Both are valid depending on numerical properties of the problem.

In any case, we linearise the problem around \boldsymbol{\delta} = \mathbf 0.

Let the Jacobian matrix be:

19 \displaystyle{\begin{align}\mathbf J = \left. \frac{\partial}{\partial \boldsymbol{\delta}} \mathbf F(\mathbf S \oplus \boldsymbol{\delta}) \right]_{\boldsymbol{\delta} = 0}.\end{align}}

Then we can solve \boldsymbol{\delta} using Gauss-Newton:

20 \displaystyle{\begin{align}\mathbf J^T \mathbf J \boldsymbol{\delta}_\text{GN} = -\mathbf J^T \mathbf F\end{align}}

or steepest descent:

21 \displaystyle{\begin{align}\boldsymbol{\delta}_\text{s} = -\mathbf J^T \mathbf F\end{align}}

or more sophisticated algorithms. In practice, we use Powell’s Dog Leg. The update is

22 \displaystyle{\begin{align}\boldsymbol{\delta} = c_\text{GN} \boldsymbol{\delta}_\text{GN} + c_\text{s} \boldsymbol{\delta}_\text{s}\end{align}}

where scalar weights c_\text{GN}, c_\text{s} are chosen such that \|\boldsymbol{\delta} \| \leq \Delta where the scalar parameter \Delta is the radius of the trust region. When \Delta is small, the problem is behaving badly and the quadratic approximation that Gauss-Newton uses is not very valid. In this case, c_\text{GN} is zero, allowing the optimiser to take timid steps along the steepest descent direction. When \Delta is large, the quadratic approximation is good and we take bigger steps in the Gauss-Newton direction.
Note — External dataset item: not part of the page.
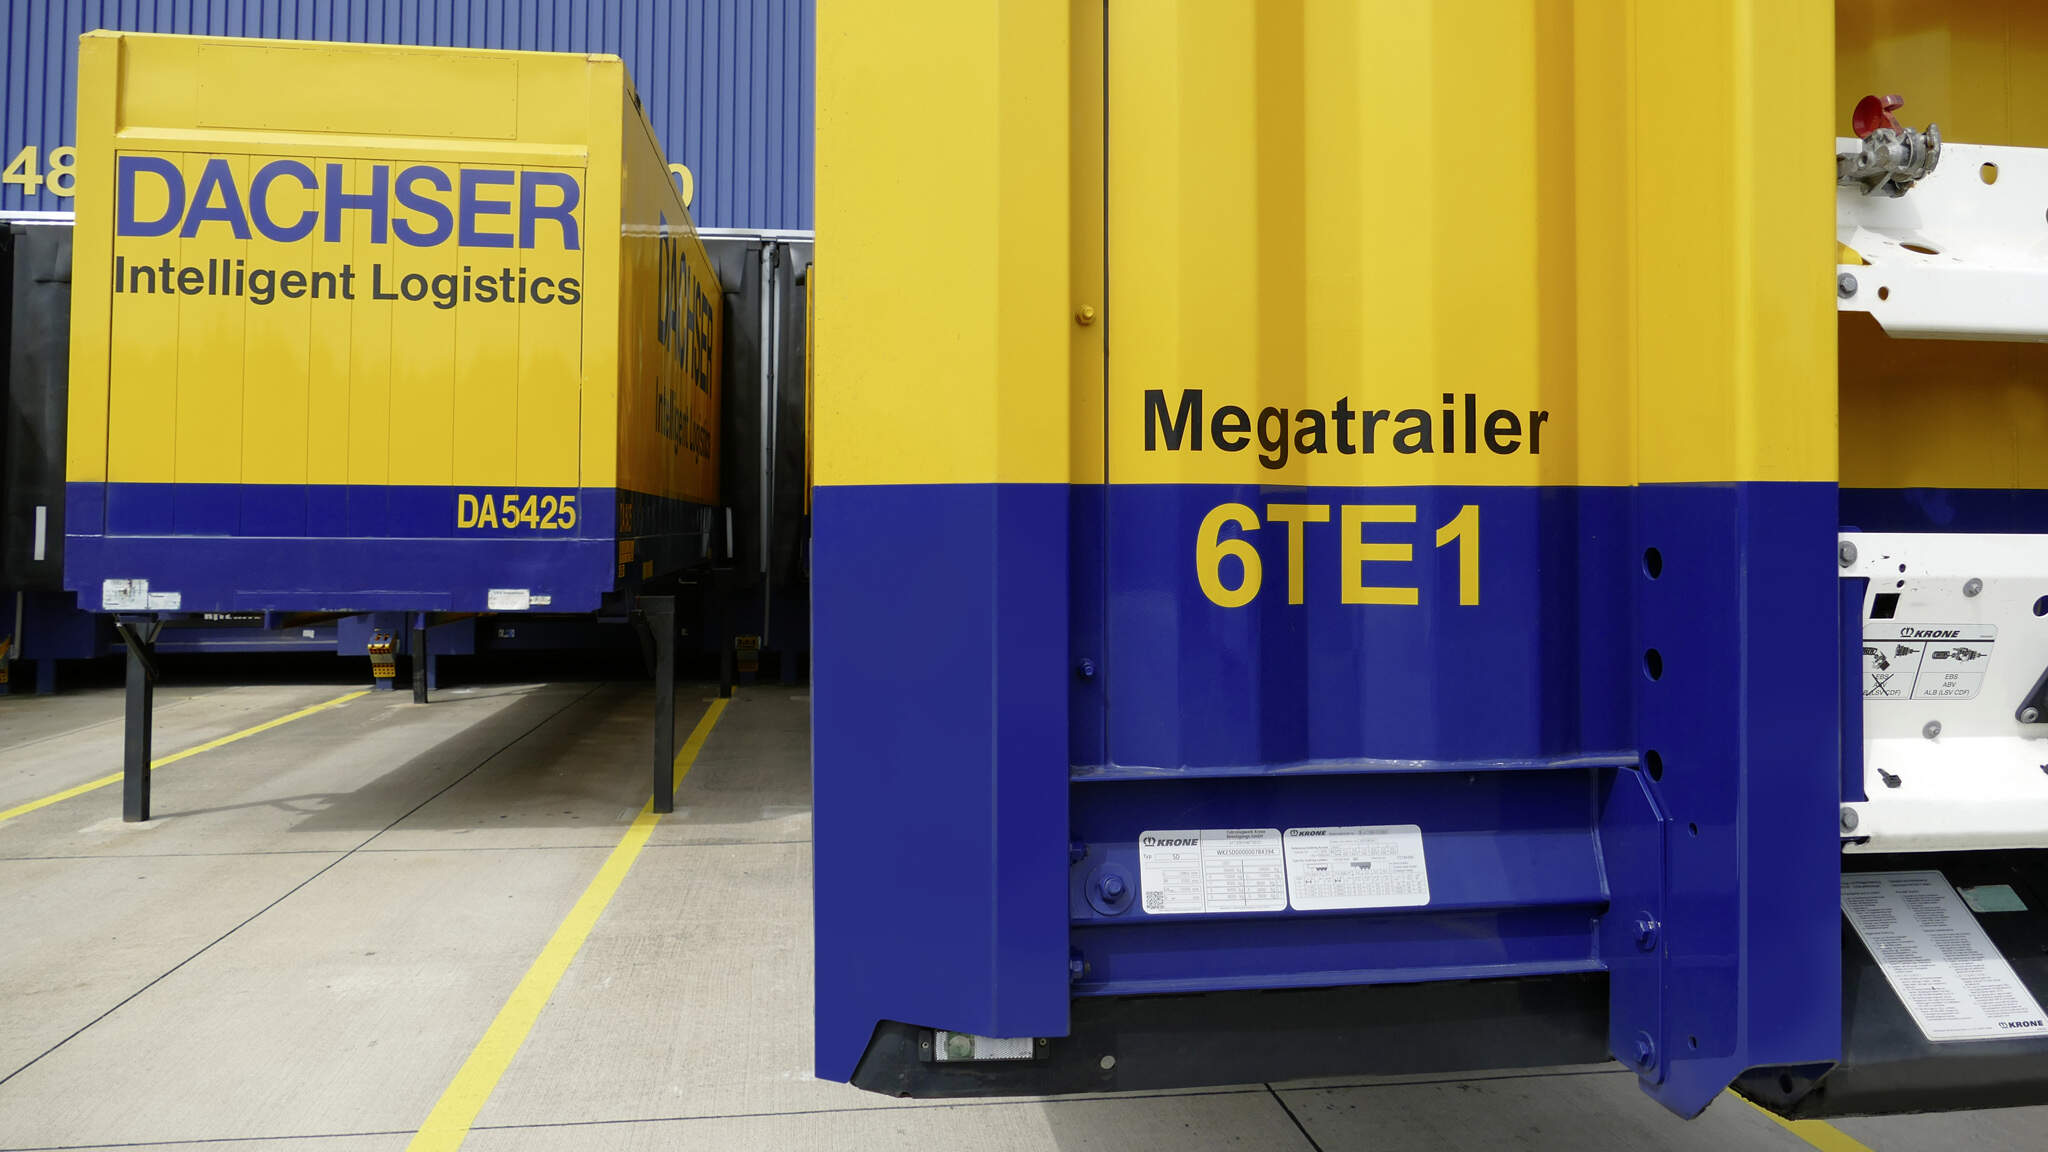 Successive conversion of semitrailers in the European Logistics business line optimizes capacity utilization and at the same time improves the climate footprint of transports

Heuristics are used to determine when to increase \Delta and when to decrease it.

3.1 Optimisation under uncertainty

When uncertainty is present, the data is associated with some covariance matrix \boldsymbol{\Sigma} which is an n\times n matrix where n is the sise of the residual. The Gauss-Newton update then becomes:

23 \displaystyle{\begin{align}\mathbf J^T \boldsymbol{\Sigma}^{-1} \mathbf J \boldsymbol{\delta} = -\mathbf J^T \boldsymbol{\Sigma}^{-1} \mathbf F\end{align}}

The matrix \boldsymbol{\Sigma}^{-1} is also sometimes called the information matrix. In practice, it is useful to factor this matrix, for example, by taking the matrix square root. Let \mathbf W = \boldsymbol{\Sigma}^{-\frac{1}{2}}, then,

24 \displaystyle{\begin{align}(\mathbf W\mathbf J)^T (\mathbf W\mathbf J) \boldsymbol{\delta} = -(\mathbf W \mathbf J)^T (\mathbf W \mathbf F).\end{align}}

In other words, we just pre-multiply the Jacobian and residual by a weight matrix. This is a form of whitening. In the common case where \boldsymbol{\Sigma} is a diagonal matrix, we simply divide each row of the Jacobian and the residual by the standard deviation.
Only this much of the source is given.